Originally Posted by Markus Hanke
I don't know what Gauss's original proof was; I would simply parallel-transport a tangent vector around a small enough, closed path on the surface in question - if the transported vector is the same as the original vector after going around the loop, then the surface is flat on that patch, and is hence isomorphic to a flat plane. If not, then not. To make it even simpler than that, I would ask myself whether or not the covariant derivatives of a tangent vector taken in each direction commute or not; the "proof" then essentially becomes a one-liner :)

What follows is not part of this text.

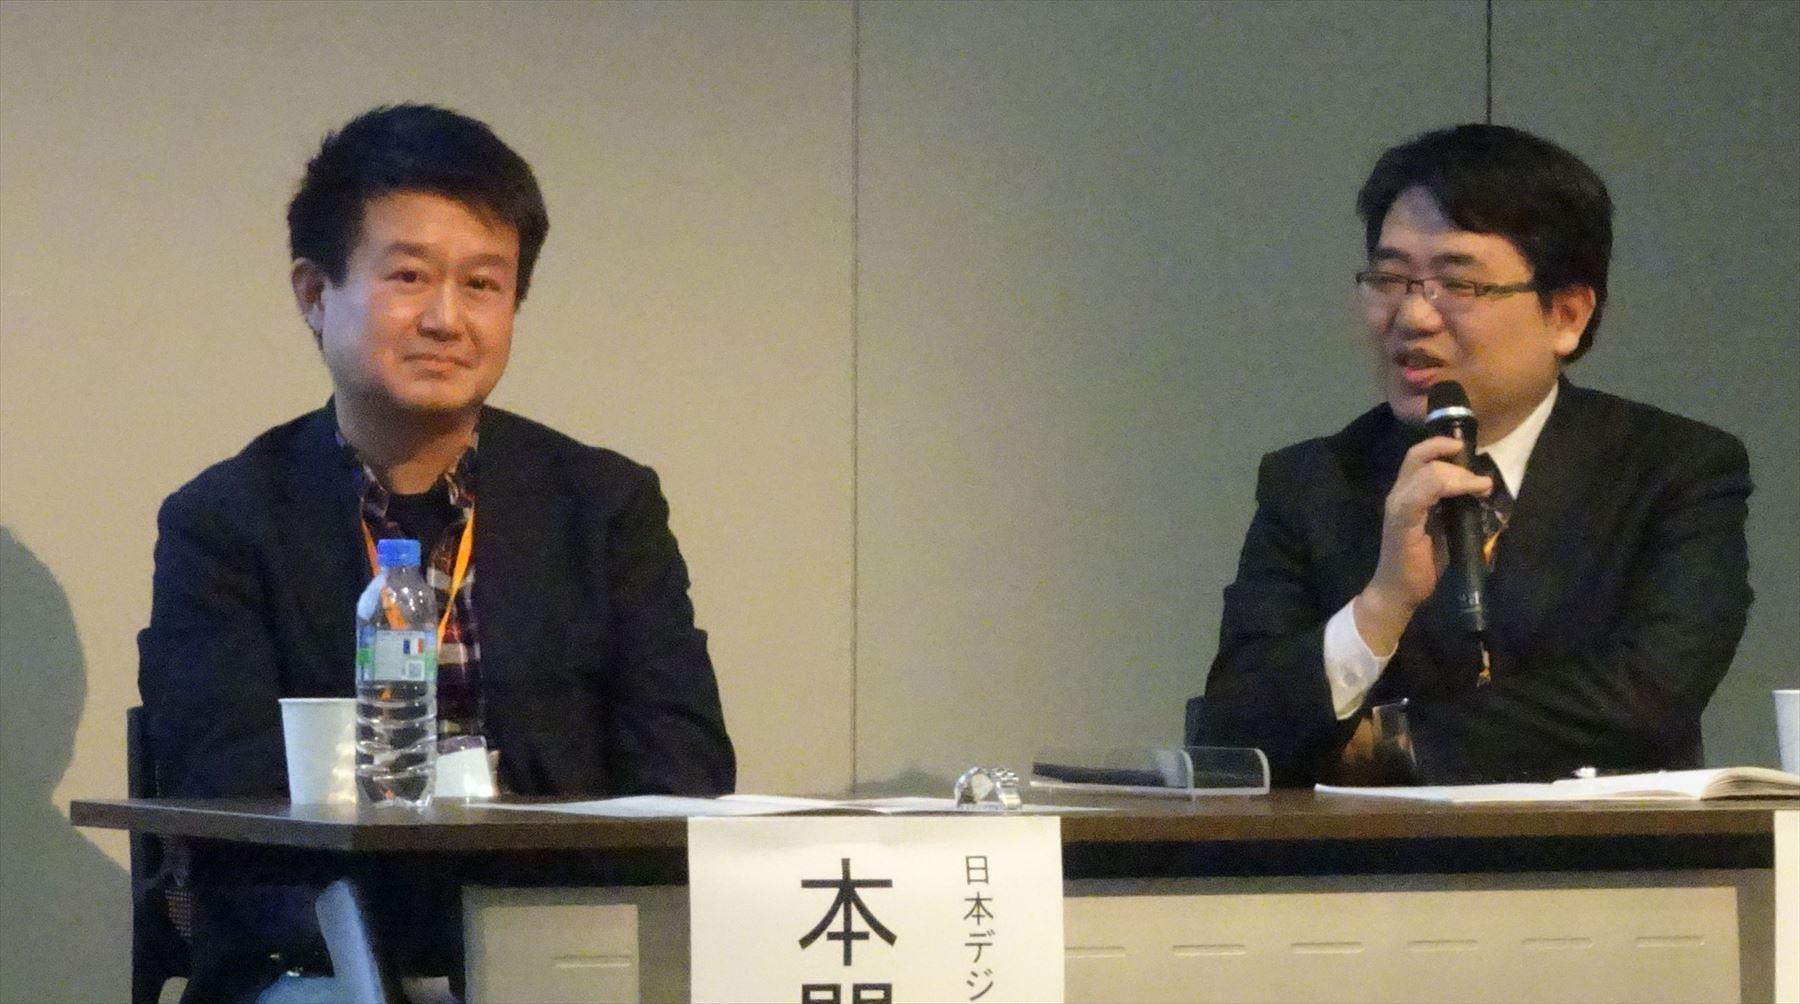 岩下直行・京都大学教授(右)と本間善実・日本デジタルマネー協会代表理事
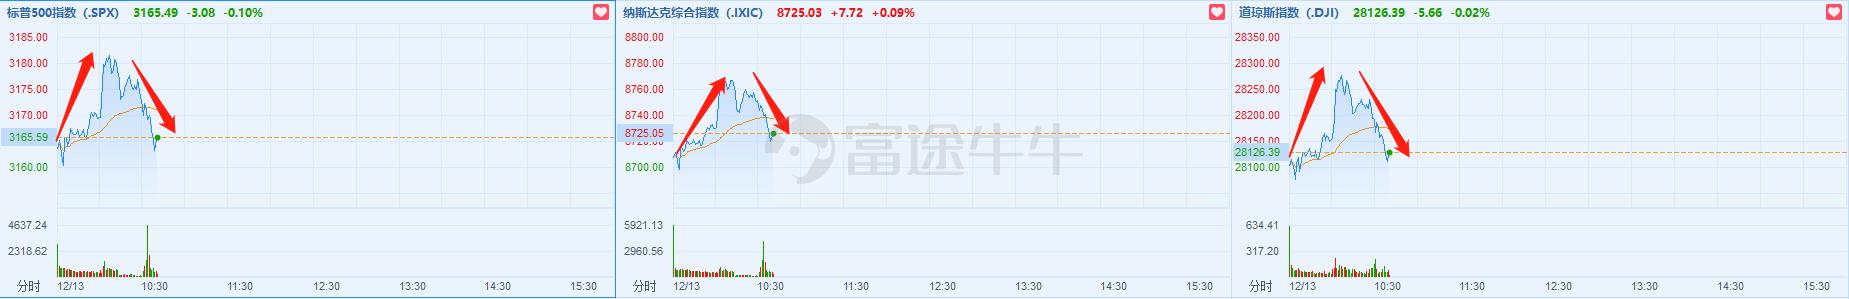 美股三大股指涨幅迅速缩窄,道琼斯指数由涨转跌

Gauss was the originator of differential geometry, and therefore tensor calculus originated with Gauss. Gauss showed that the curvature of a surface could be derived from the intrinsic properties of the surface without reference to the external three-dimensional space.
• December 14th, 2013, 05:41 AM
Sealeaf
"Suppose that there exists a way to cut a sphere such that it can be laid flat on a plane, and that all straight lines remain straight lines, and all areas, lengths, and angles remain the same. We are also going to
assume that the flattened map can be folded back up into a sphere also" That is a pretty exact statement of what can't be done.
• December 14th, 2013, 04:46 PM
GiantEvil
Quote:

Originally Posted by KJW
Quote:

Originally Posted by Markus Hanke
I don't know what Gauss's original proof was; I would simply parallel-transport a tangent vector around a small enough, closed path on the surface in question - if the transported vector is the same as the original vector after going around the loop, then the surface is flat on that patch, and is hence isomorphic to a flat plane. If not, then not. To make it even simpler than that, I would ask myself whether or not the covariant derivatives of a tangent vector taken in each direction commute or not; the "proof" then essentially becomes a one-liner :)

Gauss was the originator of differential geometry, and therefore tensor calculus originated with Gauss. Gauss showed that the curvature of a surface could be derived from the intrinsic properties of the surface without reference to the external three-dimensional space.

If we assume an infinite S^2 surface, then any arbitrary finite interval of coordinates would show a flat topology?
• December 14th, 2013, 05:38 PM
KJW
Quote:

Originally Posted by GiantEvil
Quote:

Originally Posted by KJW
Gauss was the originator of differential geometry, and therefore tensor calculus originated with Gauss. Gauss showed that the curvature of a surface could be derived from the intrinsic properties of the surface without reference to the external three-dimensional space.

If we assume an infinite S^2 surface, then any arbitrary finite interval of coordinates would show a flat topology?

I should remark at the outset that Gauss's Theorema Egregium (which this thread is about) is not the same as the Gauss-Bonnet theorem (which pertains to topology). When it comes to the surface integral of the curvature, which is invariant to continuous deformations of the interior region, and therefore a topological invariant, what happens at the boundary is an important consideration. Thus, if we have a topologically flat surface, for which the integral of the curvature over the entire surface is zero, the integral over a finite area of the surface need not be zero. It should be clear that if we remove a small area from a sphere, the integral of the curvature over the remaining part of the sphere will not be zero, and therefore that part of the sphere cannot be continuously deformed to a flat surface. The obstruction to this is the neighbourhood of the boundary of the removed region.
• December 14th, 2013, 09:50 PM
RedPanda
Quote:

Originally Posted by anticorncob28
Suppose that there exists a way to cut a sphere such that it can be laid flat on a plane, and that all straight lines remain straight lines, and all areas, lengths, and angles remain the same.

And if that sphere was a knitted kitten, it would make a very cosy pet.